问题描述
我们正在构建一个 java 代码,以使用 apache POI 将word文档(.docx)读入我们的程序.当我们在文档中遇到公式和化学方程式时,我们会陷入困境.但是,我们设法读取了公式,但是我们不知道如何在相关字符串中找到其索引.
We are building a java code to read word document (.docx) into our program using apache POI.We are stuck when we encounter formulas and chemical equation inside the document.Yet, we managed to read formulas but we have no idea how to locate its index in concerned string..
输入(格式为*.docx
)
text before formulae **CHEMICAL EQUATION** text after
我们设计的输出(格式应为HTML
)
OUTPUT (format shall be HTML
) we designed
text before formulae text after **CHEMICAL EQUATION**
我们无法获取字符串并将其恢复为原始格式.
We are unable to fetch the string and reconstruct to its original form.
问题
现在可以用任何方法在剥离线中定位图像和公式的位置,以便在重建字符串后可以将其恢复为原始形式,而不是附加它在字符串末尾.?

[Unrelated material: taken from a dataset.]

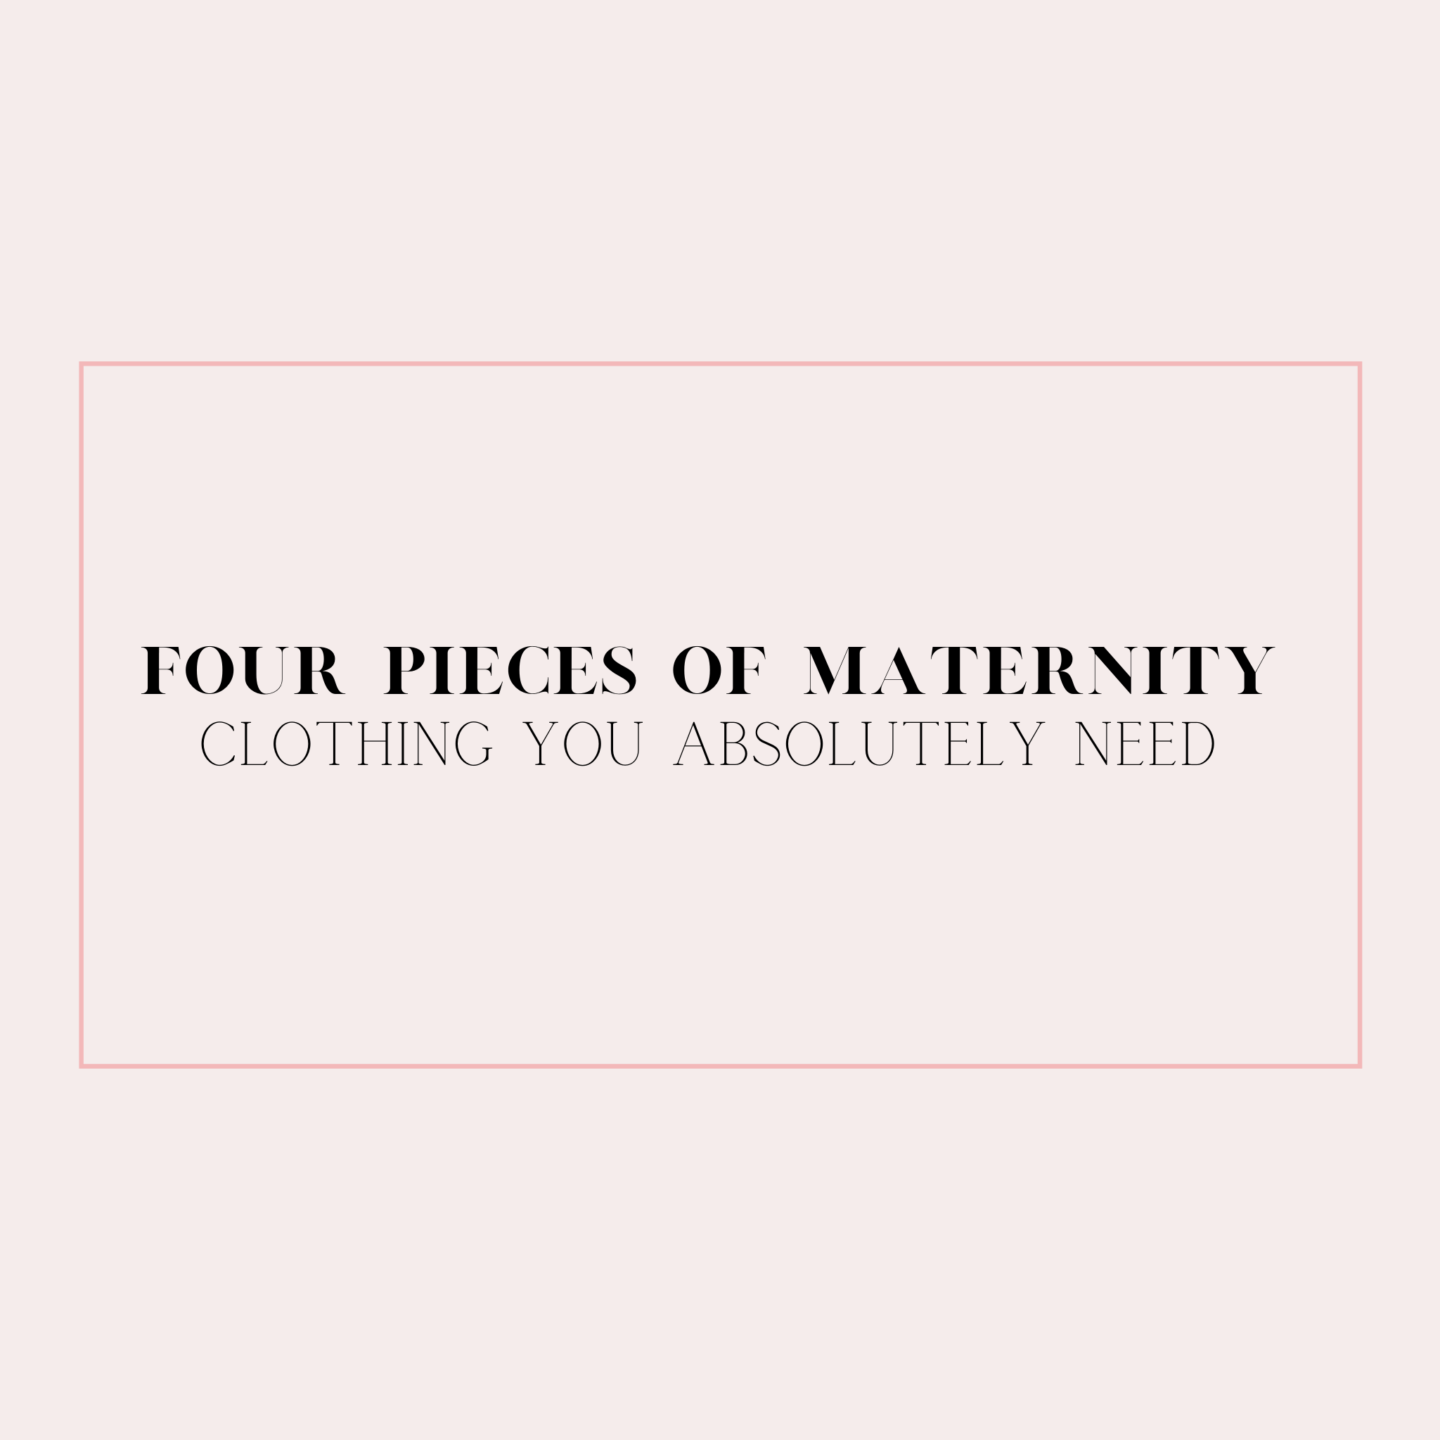 Four Pieces of Maternity Clothing You Absolutely Need

Now is there any way to locate the position of the image and formulae within the stripped line, so that it can be restored to its original form after reconstruction of the string, as against having it appended at the end of string.?
推荐答案
如果所需格式为HTML
,则Word
文本内容与 Office MathML 方程可以通过以下方式读取.
If the needed format is HTML
, then Word
text content together with Office MathML equations can be read the following way.
在我提供了一个示例,该示例将Word
文档中的所有Office MathML
方程式获取到HTML
中.它使用paragraph.getCTP().getOMathList()
和paragraph.getCTP().getOMathParaList()
从段落中获取OMath
元素.这样会将OMath
元素移出文本上下文.
In Reading equations & formula from Word (Docx) to html and save database using java I have provided an example which gets all Office MathML
equations out of an Word
document into HTML
. It uses paragraph.getCTP().getOMathList()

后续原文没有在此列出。